• [Source records]:

******************************

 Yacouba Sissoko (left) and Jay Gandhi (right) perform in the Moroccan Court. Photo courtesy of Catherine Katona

******************************

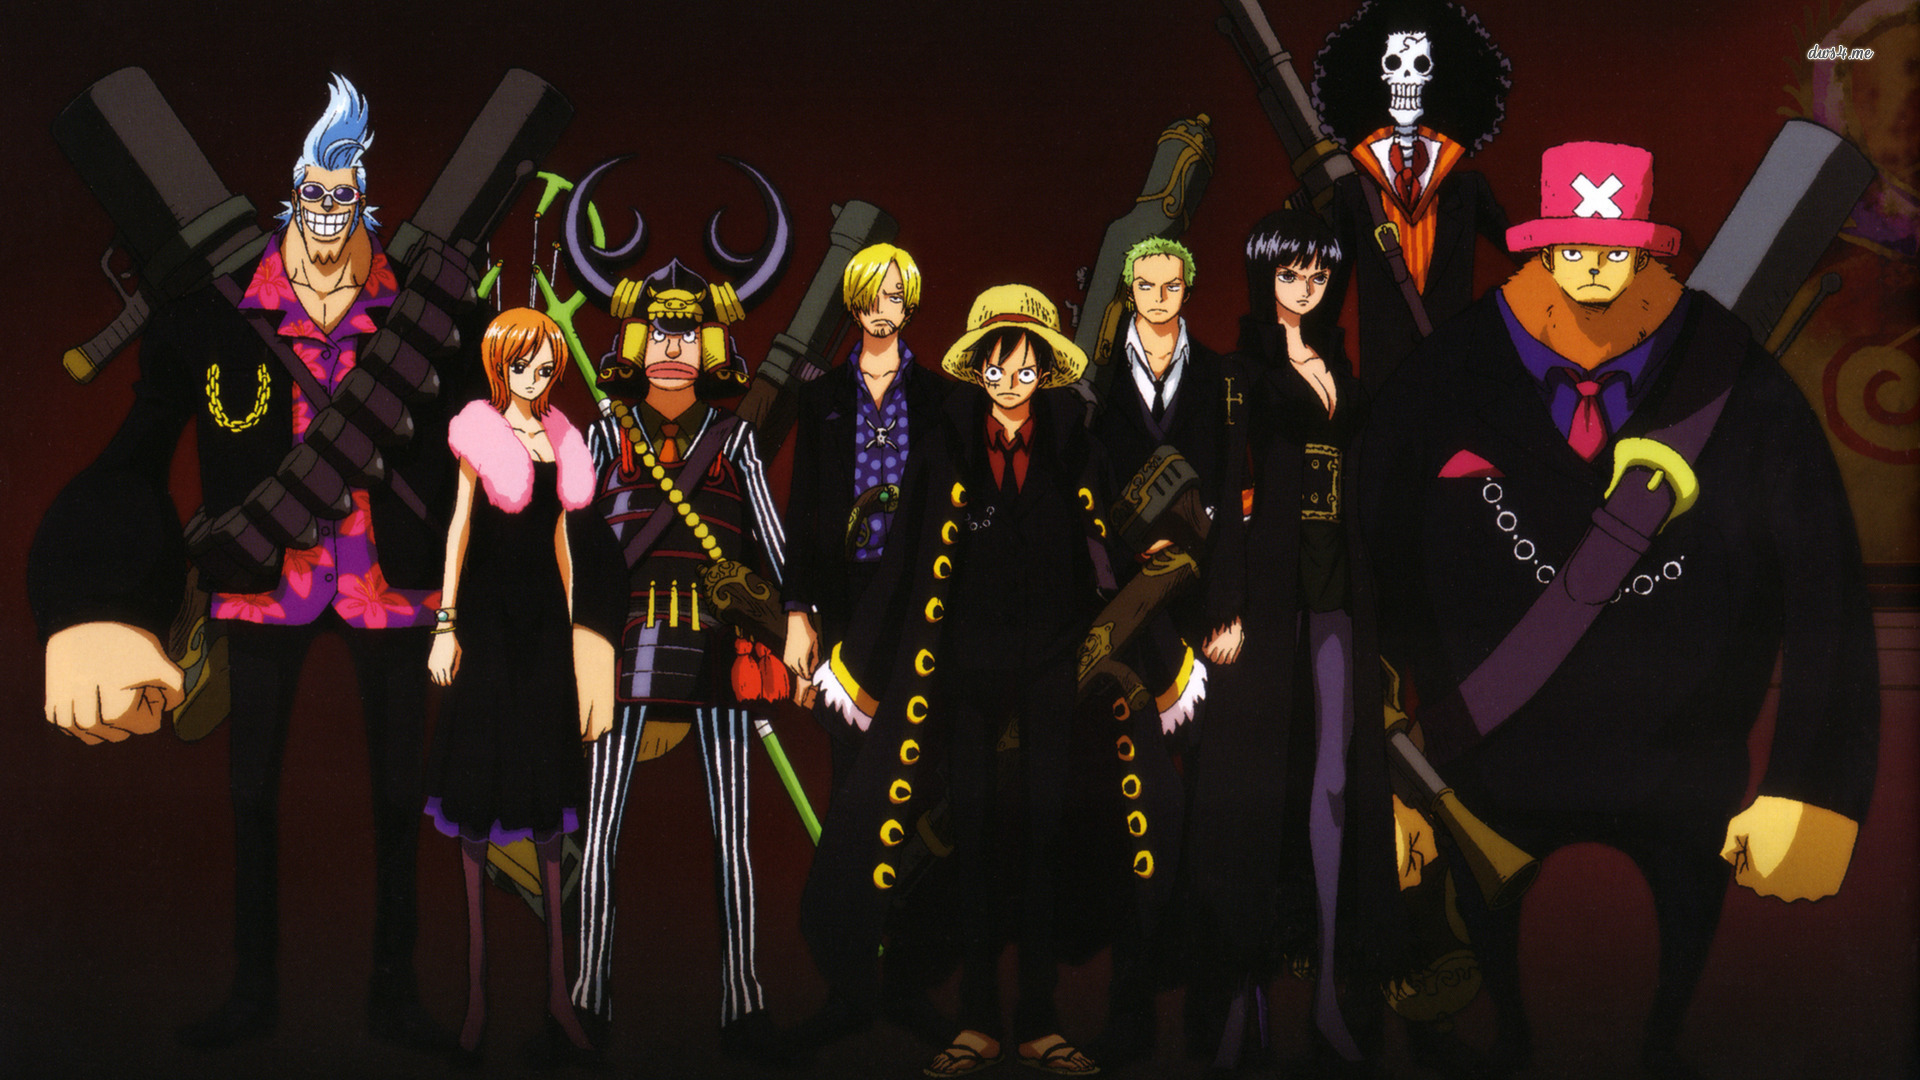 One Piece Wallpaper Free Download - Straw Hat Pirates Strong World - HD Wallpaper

******************************

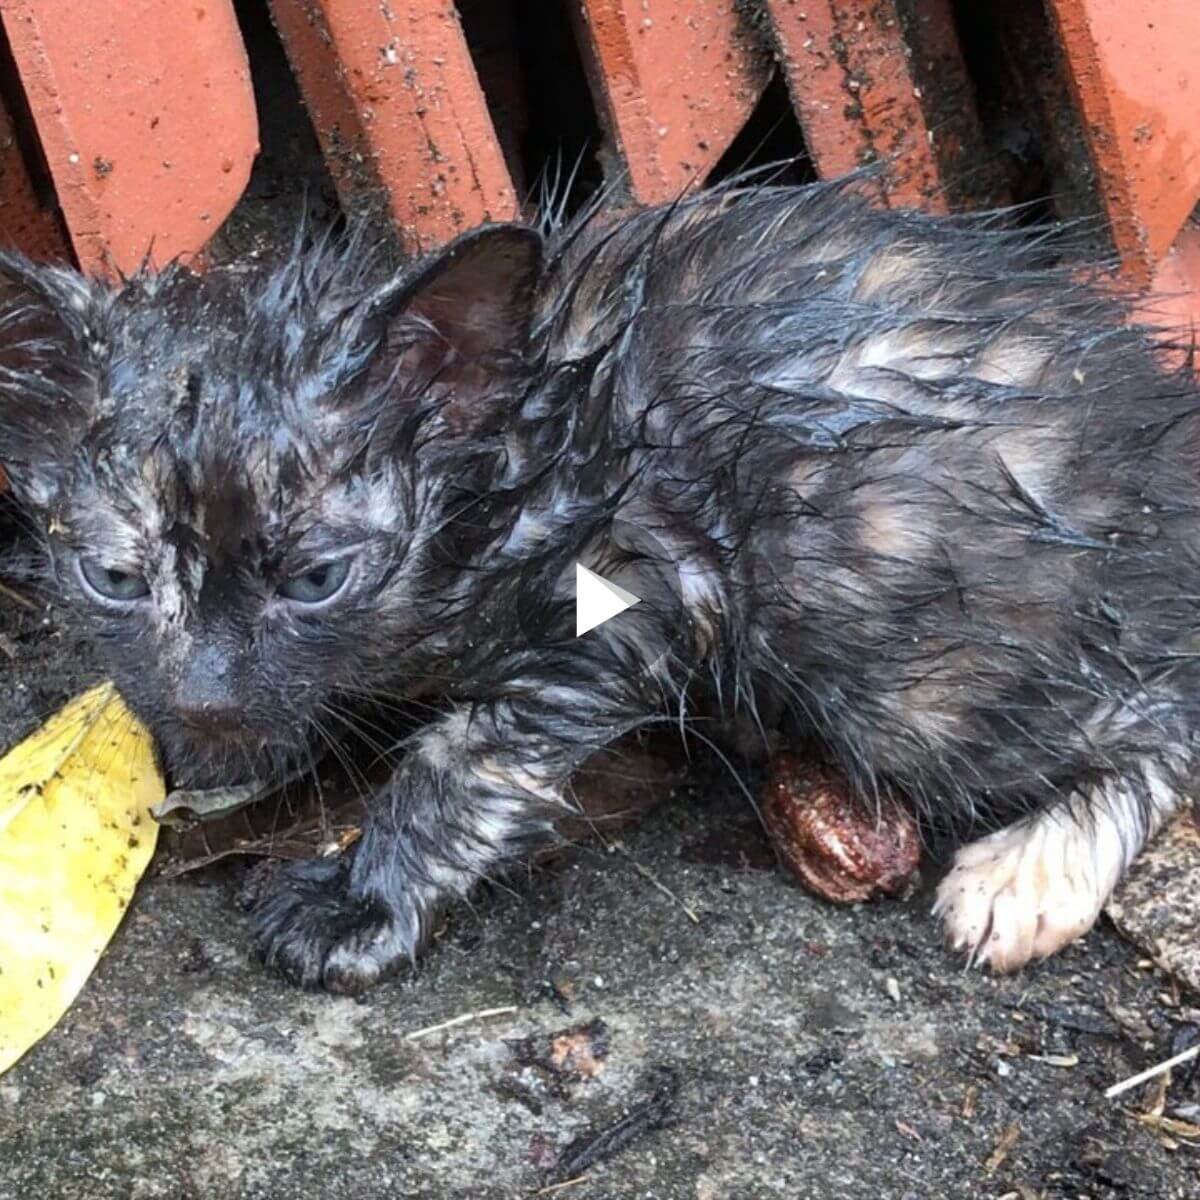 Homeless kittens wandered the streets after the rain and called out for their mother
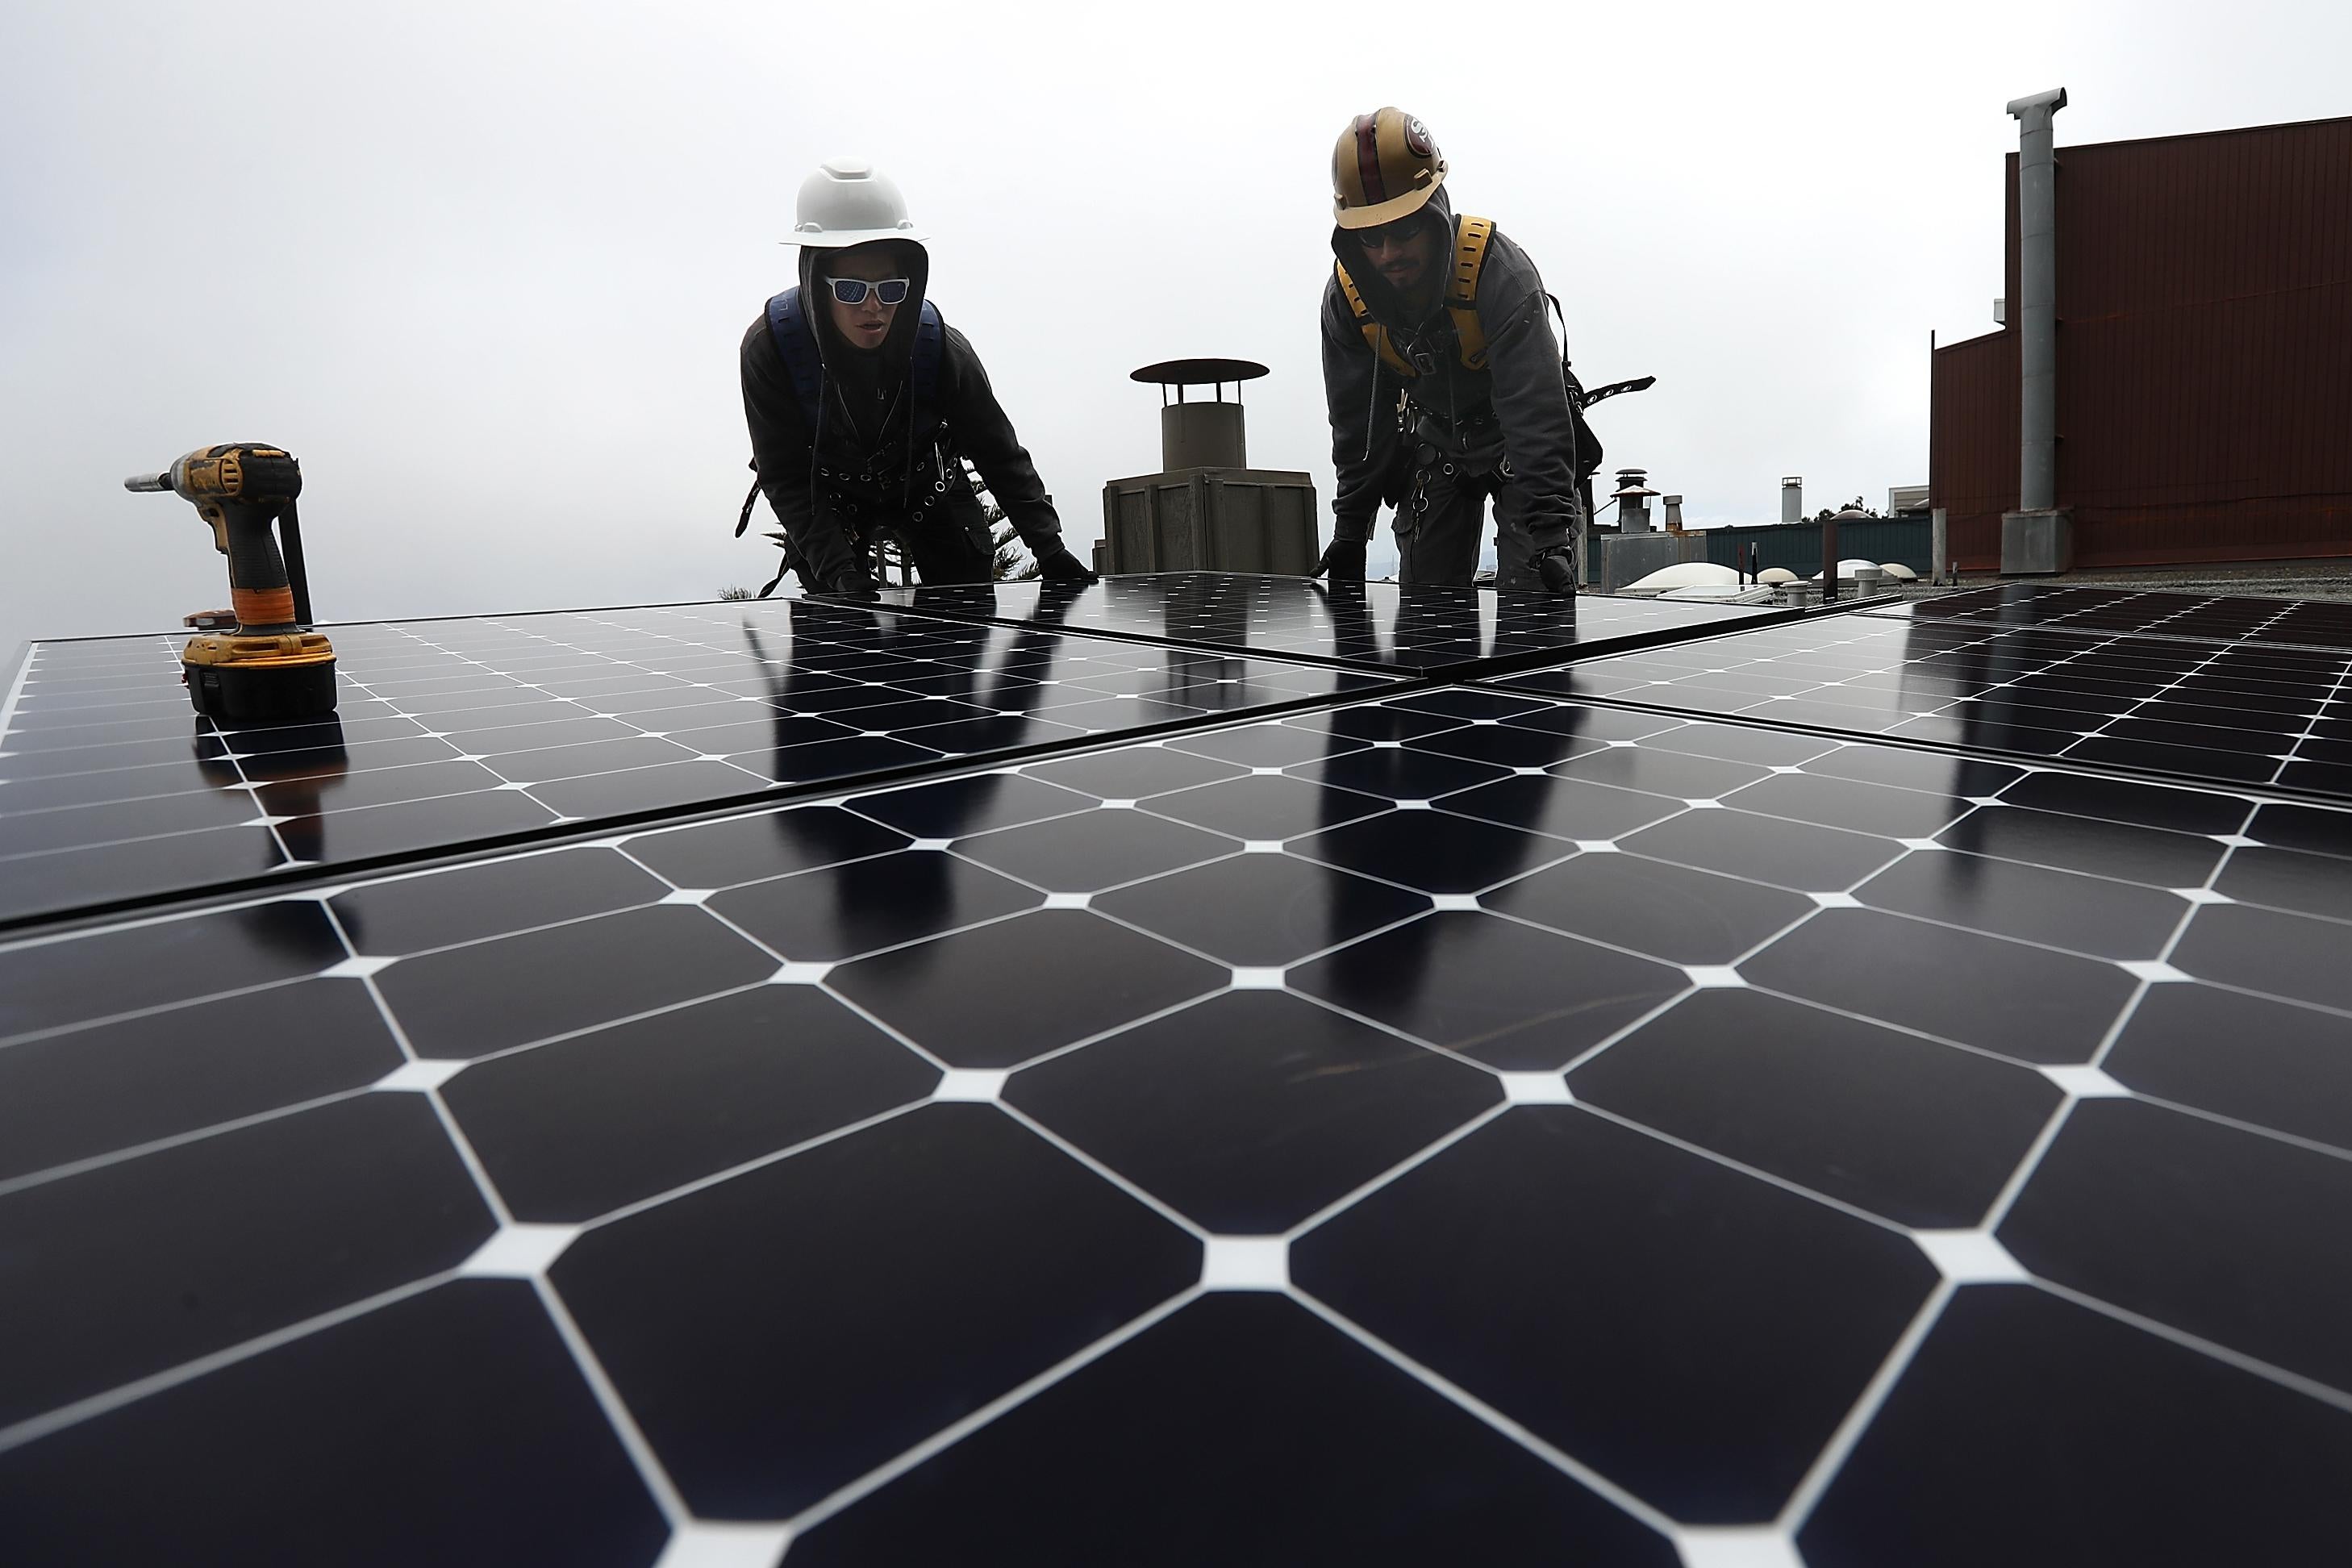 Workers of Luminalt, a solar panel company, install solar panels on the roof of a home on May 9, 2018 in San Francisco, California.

******************************

• [Exercise]: Pictures excluded, transcribe the listing above exactly from the line with "Homeless kittens wandered" through the line with "Workers of Luminalt, a", and no further.

• [Output below]:
 Homeless kittens wandered the streets after the rain and called out for their mother
 Workers of Luminalt, a solar panel company, install solar panels on the roof of a home on May 9, 2018 in San Francisco, California.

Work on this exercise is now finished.